*WHAT IS REQUIRED:*
Only the lines from the start of the data through the line with "Nuluv Happy Threads Necklace Doll Blue 3Y+" belong in the copy. Restate them word for word, minus the pictures.

*INPUT DATA:*
+++++
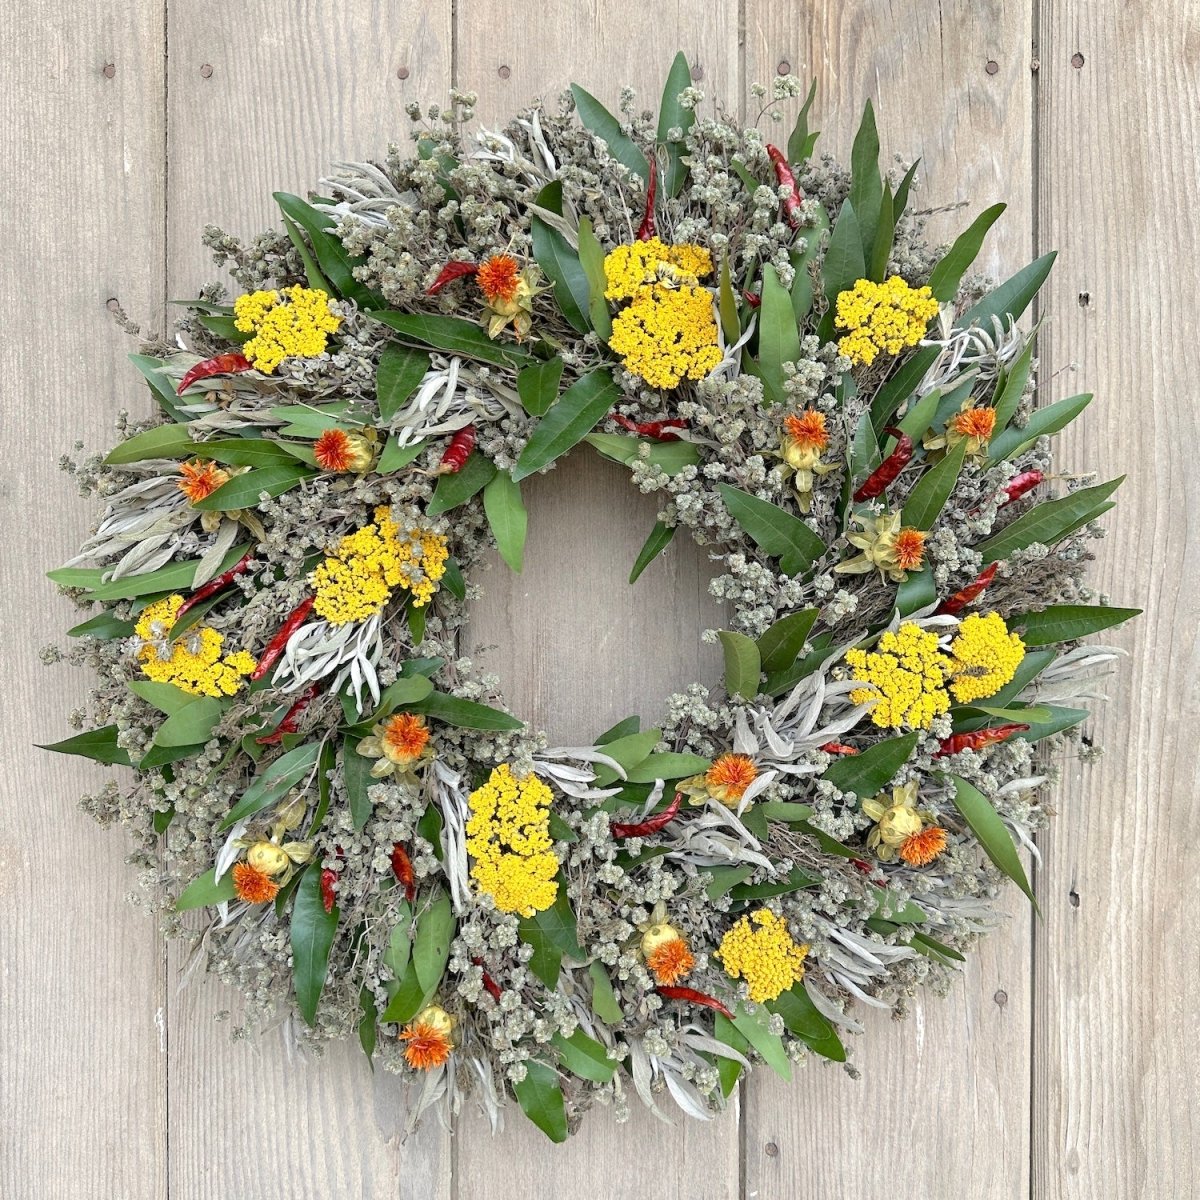 Welcome Spring Wreath Class
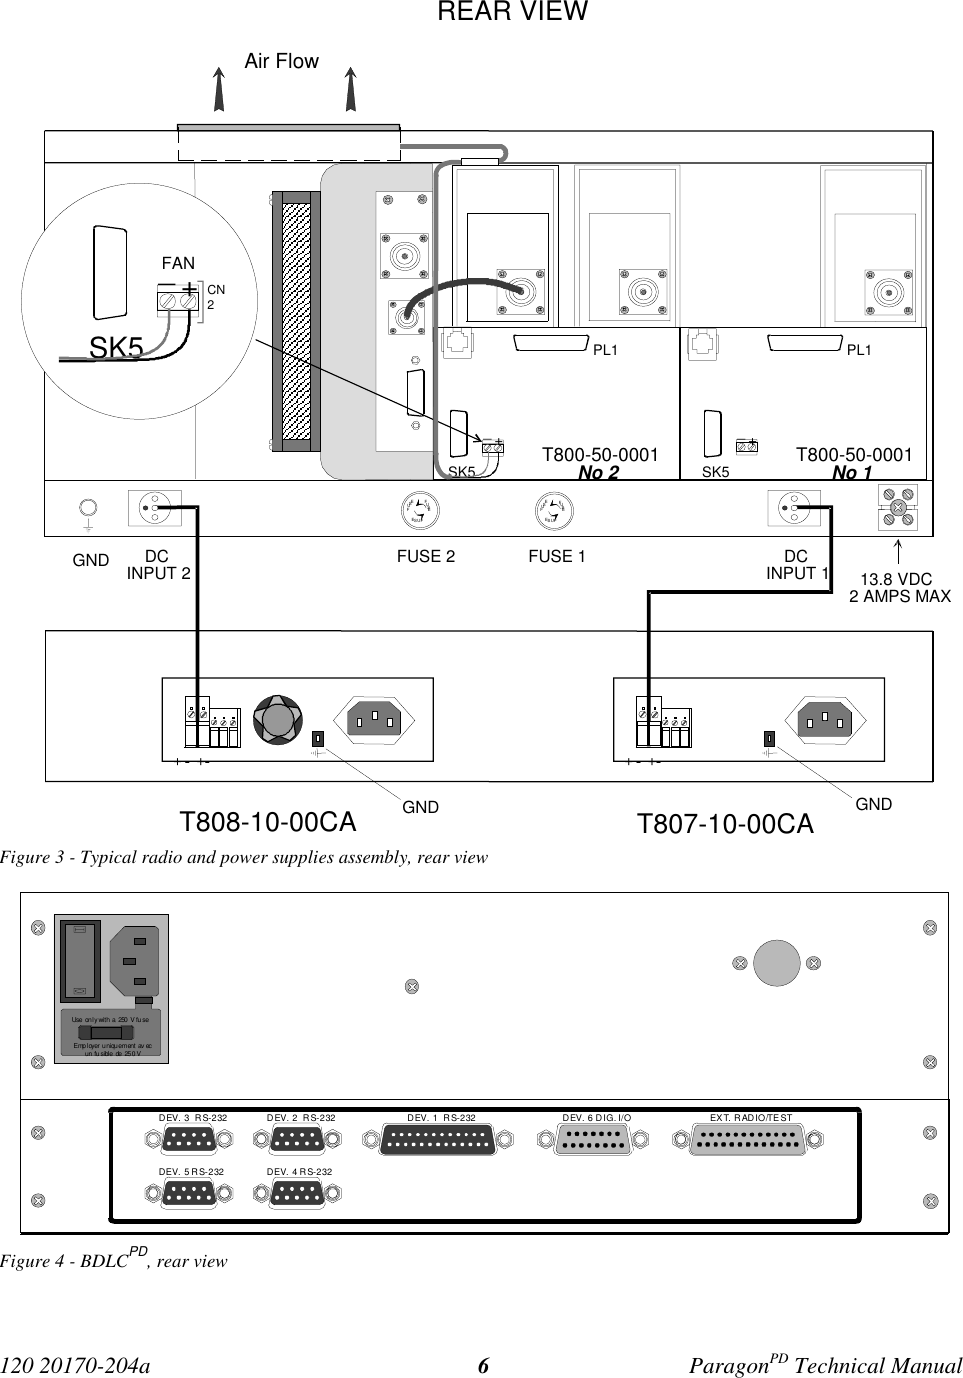 120 20170-204a ParagonPD Technical Manual6Figure 3 - Typical radio and power supplies assembly, rear viewFigure 4 - BDLCPD, rear viewEmployer uniquement av ecun  fusible  de 250 VUse  on l y wi th  a  250  V  fu seDEV. 3  R S-232DEV. 5  RS-232DEV. 2  RS-232DEV. 4  RS-232DEV. 1  RS-232 DEV. 6 DIG. I/O EXT. RADIO/TESTT808-10-00CA T807-10-00CAREAR VIEWAir FlowGNDDCINPUT 1FUSE 1FUSE 2DCINPUT 2 13.8 VDC2 AMPS MAXFUSEFUSEFUSEFUSEFUSEFUSE+-+-+-+-GNDGNDT800-50-0001No 1PL1SK5T800-50-0001No 2PL1SK5_+_+SK5_+FANCN2
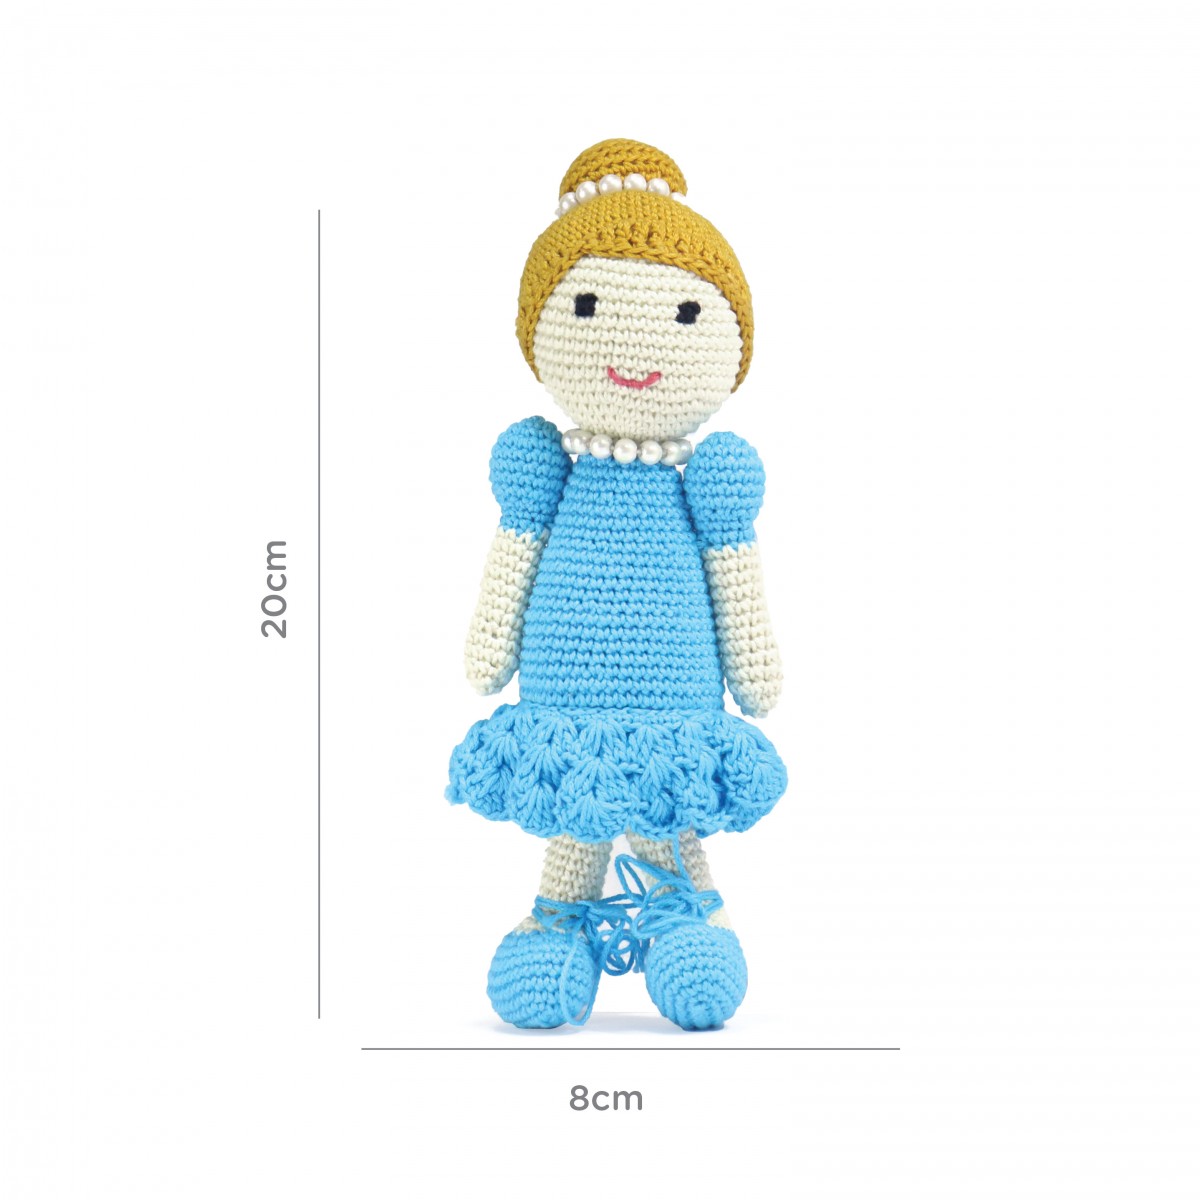 Nuluv Happy Threads Necklace Doll Blue 3Y+
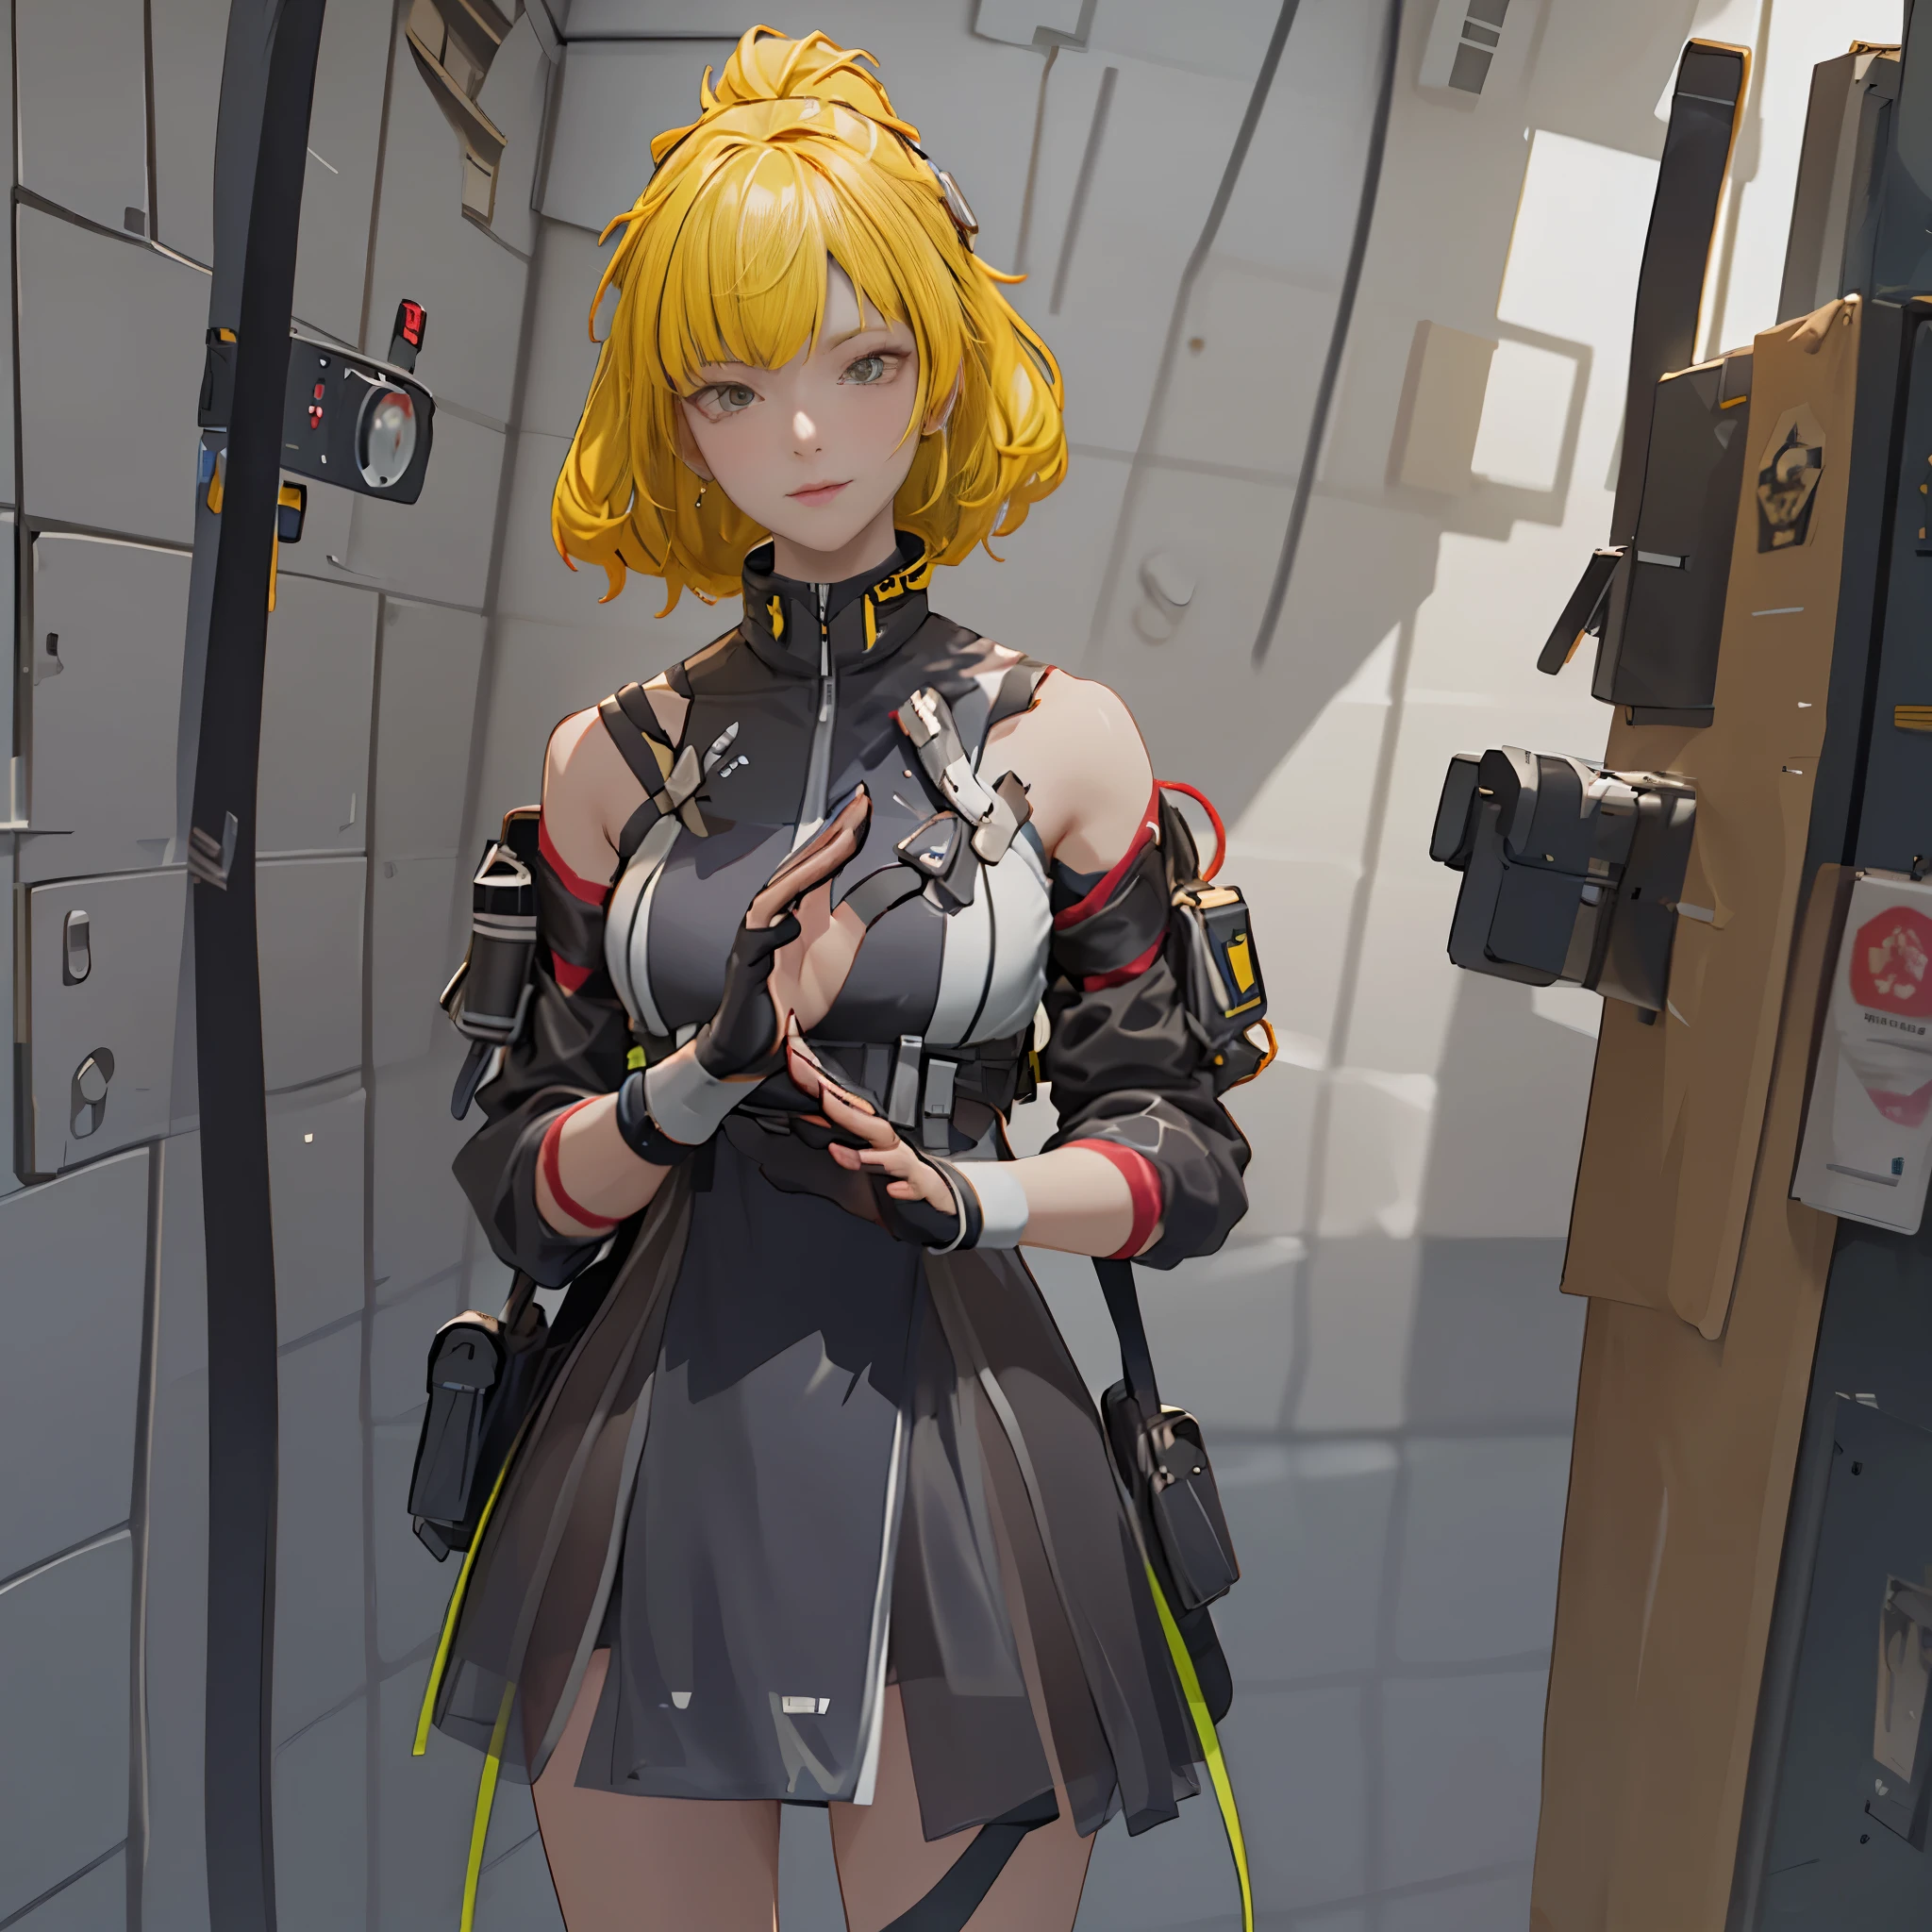 ((Best quality)), ((masterpiece)), (detailed:1.4), 3D, an image of a beautiful cyberpunk female, short yellow hair, red eyeys,HDR (High Dynamic Range),Ray Tracing,NVIDIA RTX,Super-Resolution,Unreal 5,Subsurface scattering,PBR Texturing,Post-processing,Anisotropic Filtering,Depth-of-field,Maximum clarity and sharpness,Multi-layered textures,Albedo and Specular maps,Surface shading,Accurate simulation of light-material interaction,Perfect proportions,Octane Render,Two-tone lighting,Wide aperture,Low ISO,White balance,Rule of thirds,8K RAW,
+++++
*OUTPUT OF THE EXERCISE:*
 Welcome Spring Wreath Class
 120 20170-204a ParagonPD Technical Manual6Figure 3 - Typical radio and power supplies assembly, rear viewFigure 4 - BDLCPD, rear viewEmployer uniquement av ecun  fusible  de 250 VUse  on l y wi th  a  250  V  fu seDEV. 3  R S-232DEV. 5  RS-232DEV. 2  RS-232DEV. 4  RS-232DEV. 1  RS-232 DEV. 6 DIG. I/O EXT. RADIO/TESTT808-10-00CA T807-10-00CAREAR VIEWAir FlowGNDDCINPUT 1FUSE 1FUSE 2DCINPUT 2 13.8 VDC2 AMPS MAXFUSEFUSEFUSEFUSEFUSEFUSE+-+-+-+-GNDGNDT800-50-0001No 1PL1SK5T800-50-0001No 2PL1SK5_+_+SK5_+FANCN2
 Nuluv Happy Threads Necklace Doll Blue 3Y+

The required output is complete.